The script itself was written by people rather than generated by AI. According to The Guardian, Koosha used AI tools to help refine language and organize ideas, but the creative direction, editing and music composition remained human-led.
The production process allowed him to revise scenes rapidly without the financial consequences that typically accompany major changes during filming.
One performer became an entire cast
Perhaps the most unusual aspect of the production involved the voices.
According to The Guardian, Koosha performed every role himself before using AI tools to transform the recordings into different characters.
A young woman, an older man and other figures in the story all originated from the same performer before being digitally altered.
That process highlights one of the central tensions surrounding AI filmmaking.
Supporters argue that these tools can dramatically lower costs and expand opportunities for independent creators.
Critics respond that the same technology could reduce demand for actors, voice performers and other creative professionals.
Koosha acknowledges those concerns. He has suggested that future productions could involve licensed likenesses and revenue-sharing arrangements with performers.
At the same time, he does not see AI as suitable for every project.

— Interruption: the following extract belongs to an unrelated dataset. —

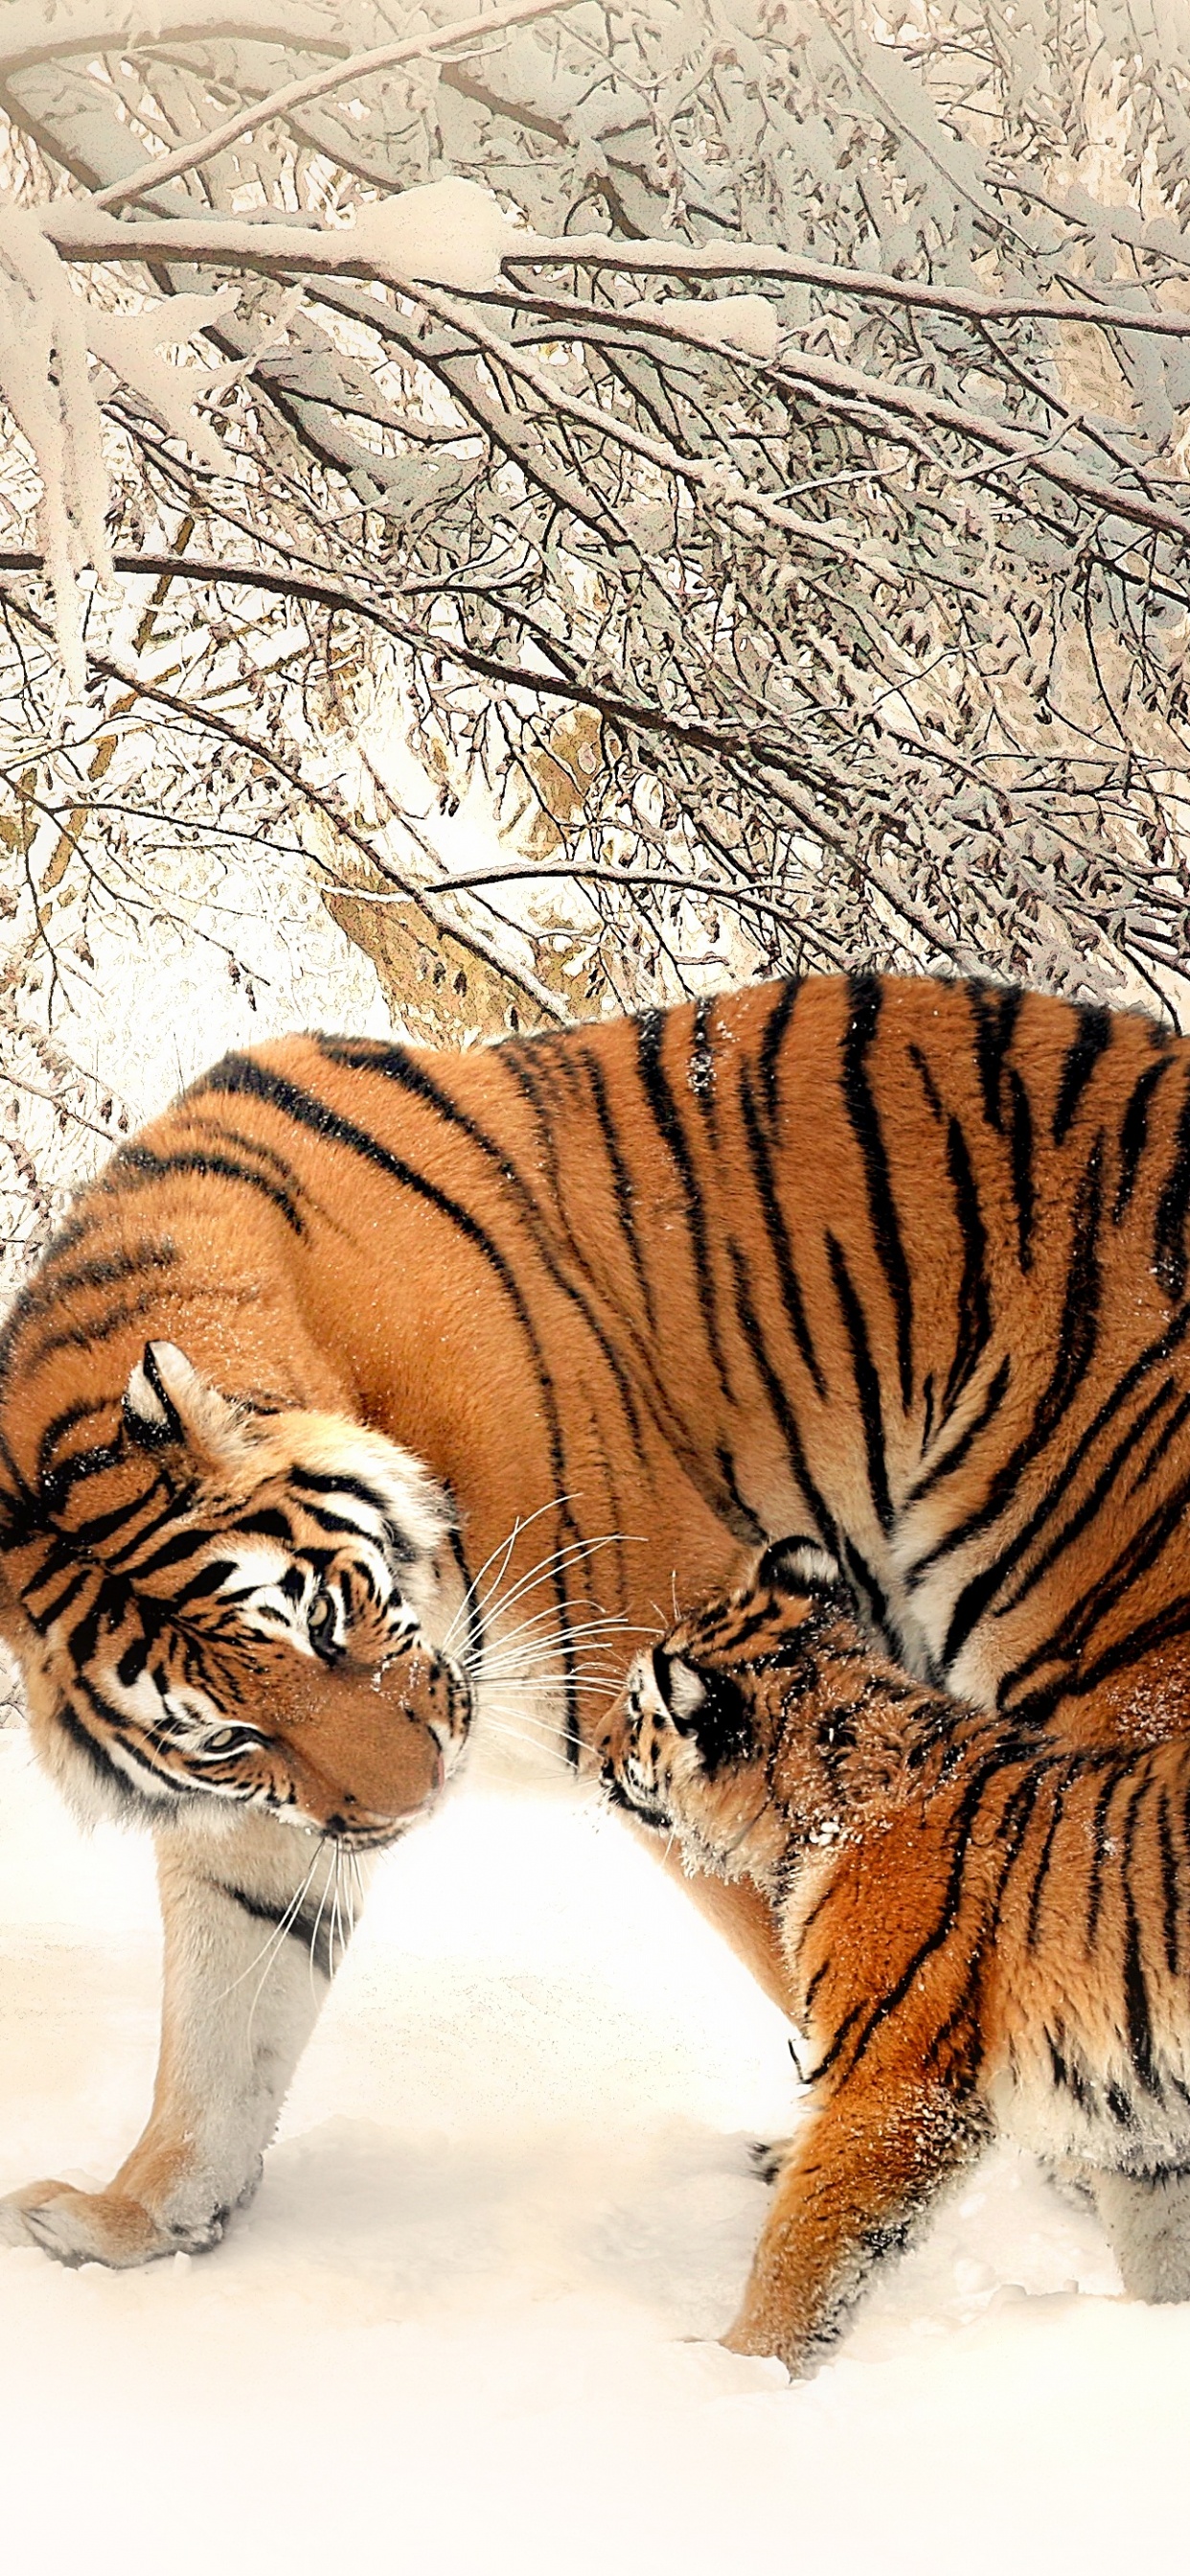 Tiger Walking on Snow Covered Ground During Daytime. Wallpaper in 1242x2688 Resolution
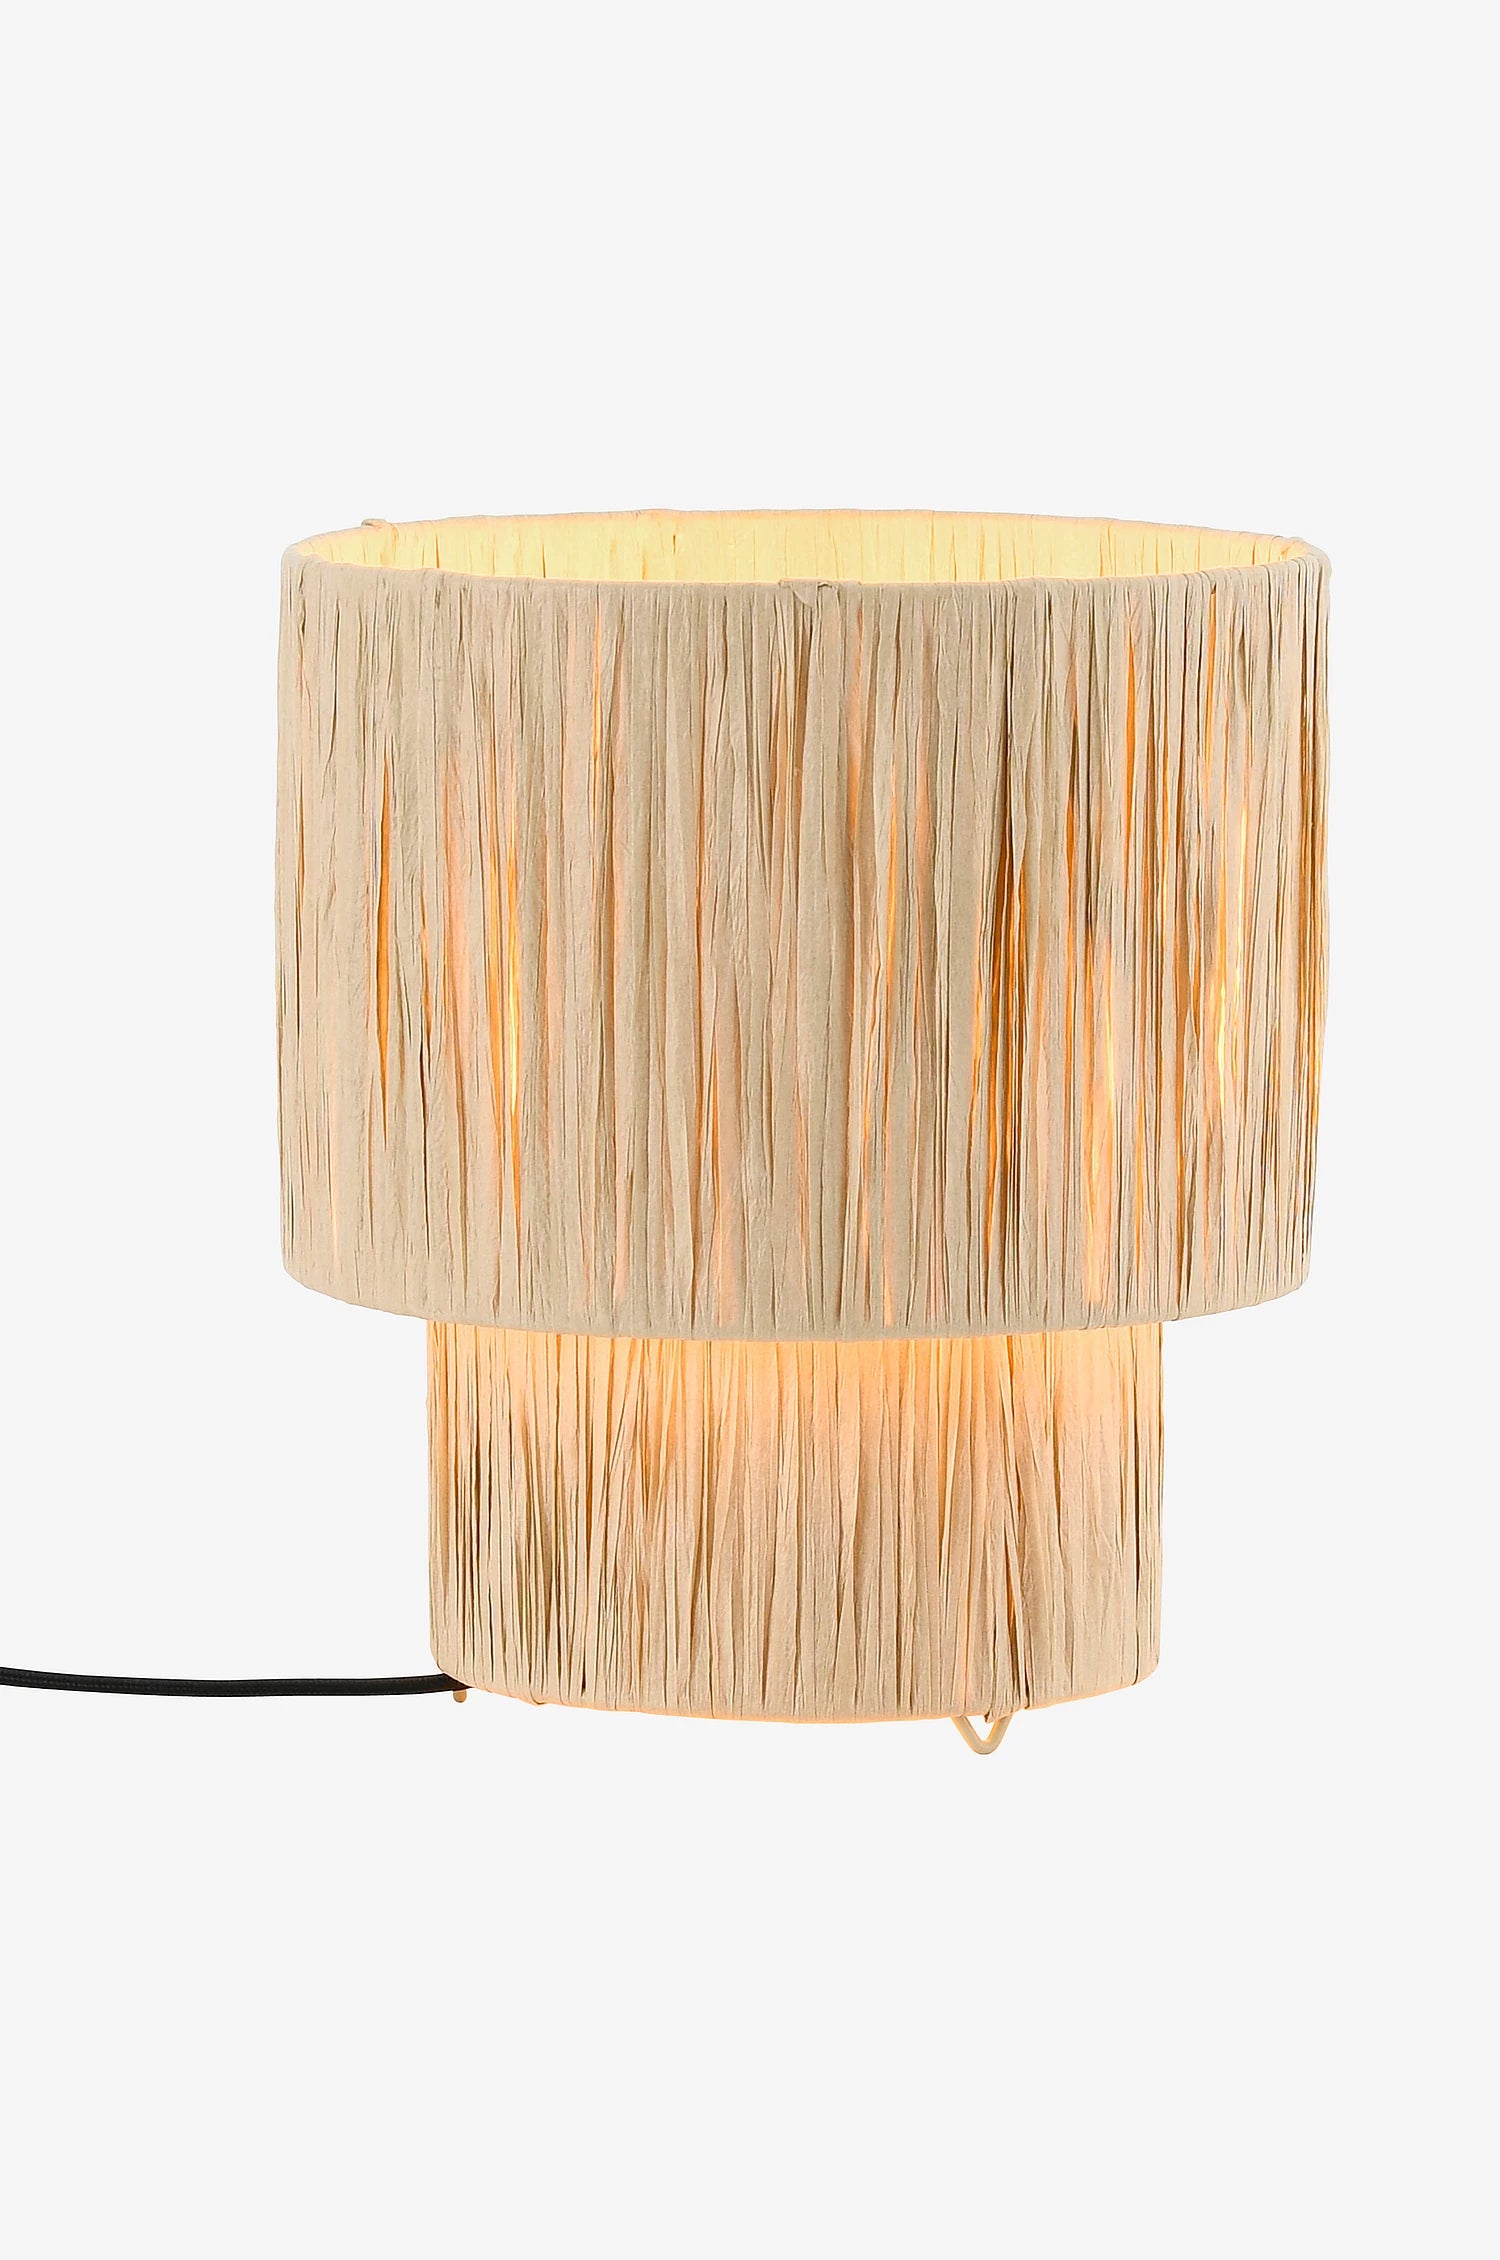 Rattan Table lamp for Living room | Bamboo Bedside table lamp | Cane Table lamp -Tanya - Akway

According to The Guardian, he believes some stories should continue to be told through conventional filmmaking methods and live performances.
The wider argument is just beginning
The debate surrounding Dreams of Violets extends well beyond a single film.
Across Hollywood and the independent sector, producers are exploring ways to use generative AI in development, visual effects, dubbing and post-production.
Unions and creative organizations continue pushing for protections governing how artists’ work and likenesses can be used.
What makes Dreams of Violets significant is not simply that it exists, but that it has reached a stage where audiences can judge the results for themselves.
Koosha has repeatedly emphasized that he views AI as a creative instrument rather than a replacement for artists.
“I’m not selling AI. I’m just trying to use a tool to tell a story,” he told The Guardian.
Whether audiences embrace that argument remains to be seen. What is clear is that a film produced on a laptop-sized budget is now appearing at one of America’s most prominent festivals, ensuring that questions about AI and filmmaking will remain impossible for the industry to ignore.